Для чего нам так нужны были эти шелестящие паруса? Господи! Как же нас спасали «Капитаны»! Как это происходило, я так и не поняла, и кому ни пыталась рассказать – никто не понимал. Может быть, точнее всех сказал об этом один мой друг, очень хороший поэт: «Знаешь, может быть, в чем тут дело? В ритме». Может быть, ритмы гумилевских «Капитанов» помогают человеку жить. Возможно, он прав.

Новый 1949 год я встречала на 13-м лагпункте. Я вышла из барака, забралась куда-то на середину лагеря, где стояли деревья и была скамейка. Я сидела в 12 часов ночи на этой скамейке и отчаянно плакала. И это были мои последние слезы в лагере вплоть до самого освобождения. Не знаю, что я выплакала в ту ночь, не знаю, что произошло и как, но я поднялась без слез и, повторяю, больше до конца срока ни при каких обстоятельствах не плакала.

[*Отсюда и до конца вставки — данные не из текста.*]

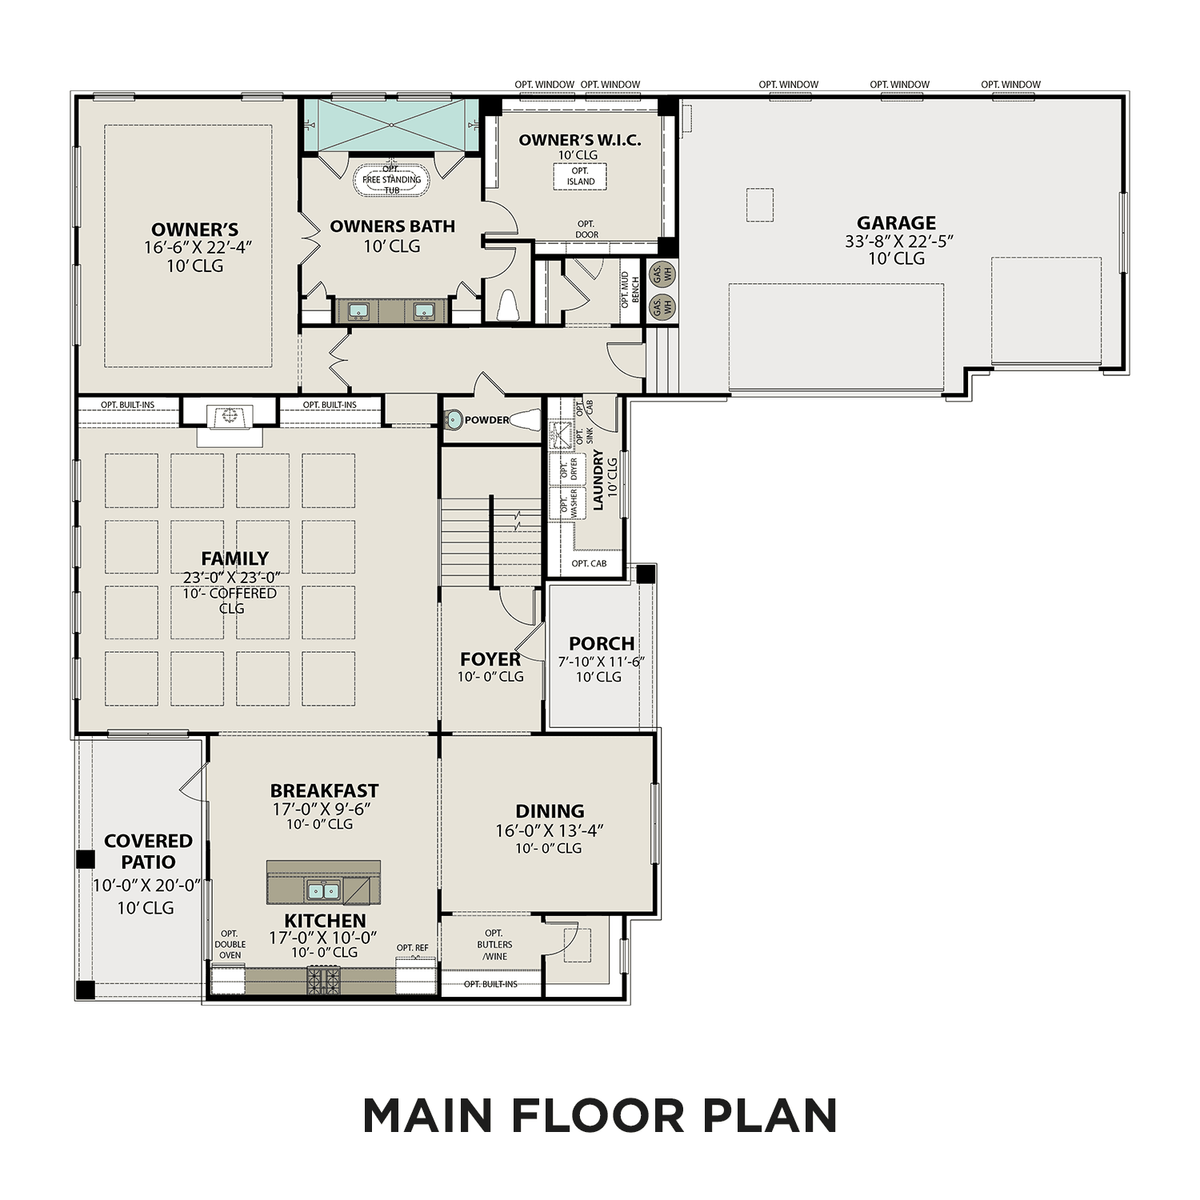 1 - The Bledsoe A floor plan layout for 5721 Eaglemont Dr in Davidson Homes' Shelton Square community.

Когда вглядываешься в свою жизнь спустя полстолетия, как делаю я это сейчас, то понимаешь, насколько все было иррационально, как мало, собственно, делала я сама и как много делал для меня Кто-то Невидимый, Светлый, Любящий и Знающий, как знает, что делает, художник, композитор, поэт. Никакими собственными качествами я не могу объяснить, как я встала после всего, как подняла голову и шла потом по лагерю, веселая, стараясь не причинять зла и делать то, что в моих силах. Дело было не во мне. Это делал Тот, Кто был со мной, мой Ангел Хранитель, это была Его работа.

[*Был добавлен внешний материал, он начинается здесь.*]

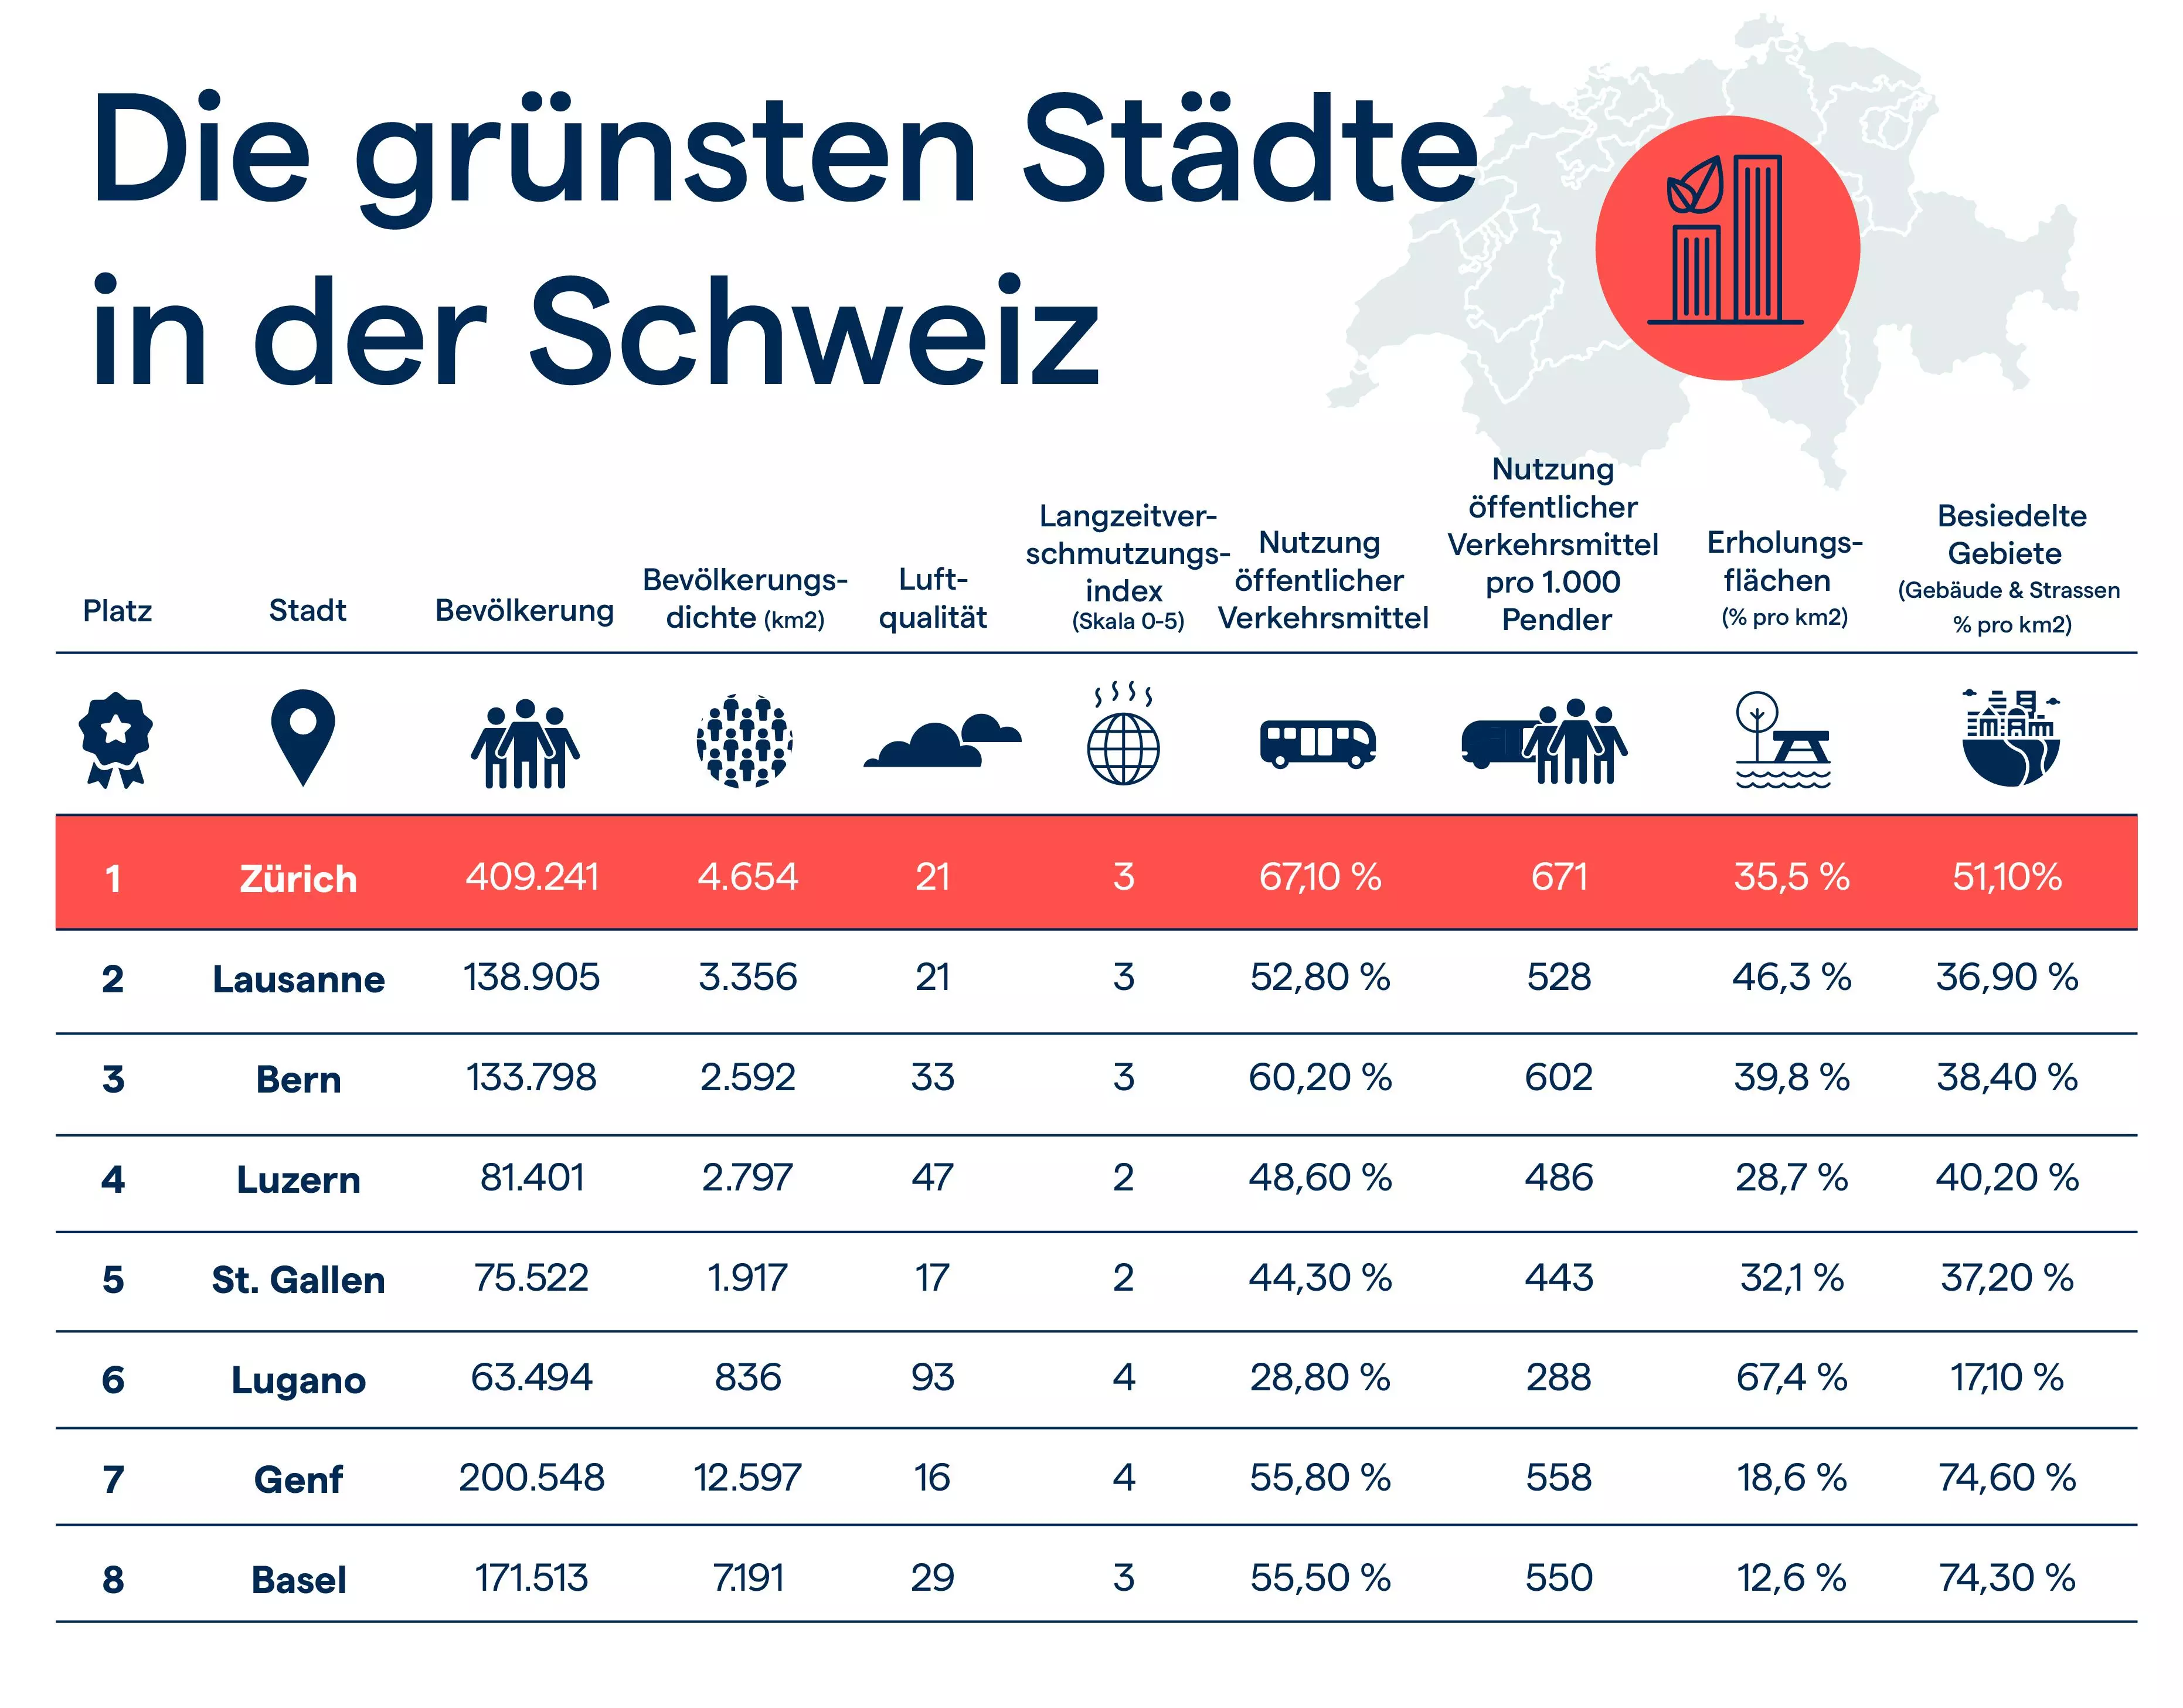 Die nachhaltigsten Städte der Schweiz

С пересылки всех отправляли очень быстро, работы там не было никакой. Меня сделали бригадиром. Это означало, что в пять часов утра я должна была ходить на хлеборезку, приносить хлеб в столовую и там раздавать, и также в обед я отвечала за то, что каждый получит свою миску баланды. И вот там тоже удивительный знак был мне послан. Пять часов утра в ноябре – это еще ночь. А надо сказать, что все действие романа «Странники ночи» разворачивается на протяжении нескольких ночей, отстоящих друг от друга во времени. Концовка романа такова: в небе загорается утренняя звезда. Так кончался роман – светом прекрасной звезды. И вот я чуть ли не в первый раз с деревянным подносом отправилась за хлебом. Совершеннейшая тьма, снег, холод. Я вышла и увидела прямо перед собой переливающуюся звезду. И это видение странным образом сплелось для меня с погибшим романом, с Даниилом, с которым мы уже двигались врозь, каждый своим путем, и с Россией. Объяснить этой последней связи я не умею. Но эта переливающаяся светлая звезда посреди страшной лагерной ночи как бы проникла своими лучами в мое сердце, как сияние России. И таким оно осталось.

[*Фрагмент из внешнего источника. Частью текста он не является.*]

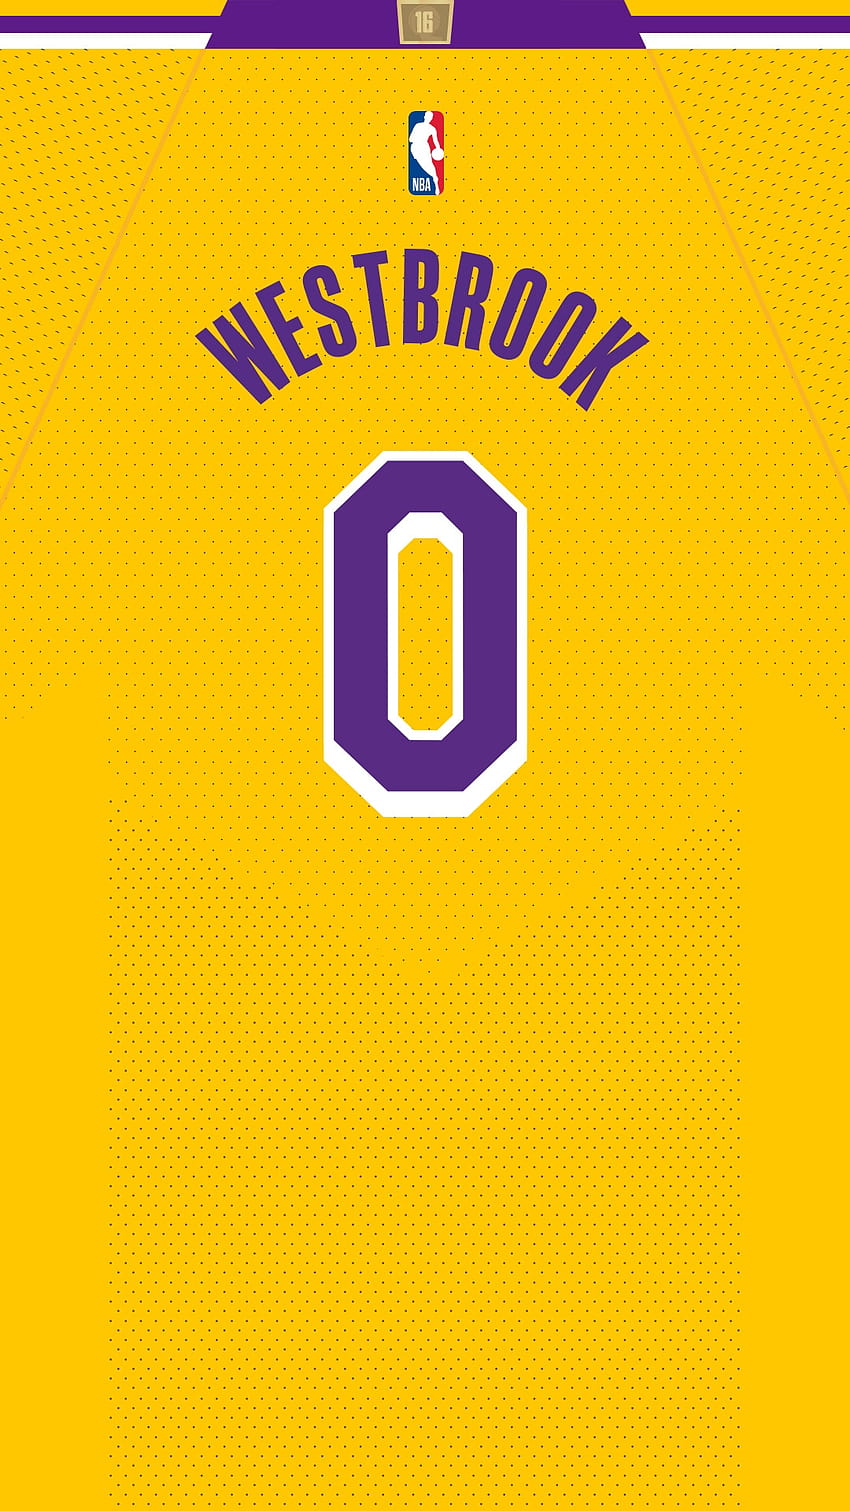 Lakers dan Infografis, russell westbrook lakers wallpaper ponsel HD

Глава 21. ЗА СЕМЬЮ ЗАБОРАМИ

Жизнь в лагере на любом лагпункте одинакова, тупа и бессмысленна: подъем – поверка – развод – работа – поверка – отбой.

События – письма и посылки. Письма только от самых близких родных. Я получала их от мамы, сама же имела право писать два письма в год. Лагерная самодеятельность – особая тема.

Все эти годы вспоминаются, как цепь отдельных событий, человеческих обликов, иногда почти приключений. Так я и буду рассказывать о них.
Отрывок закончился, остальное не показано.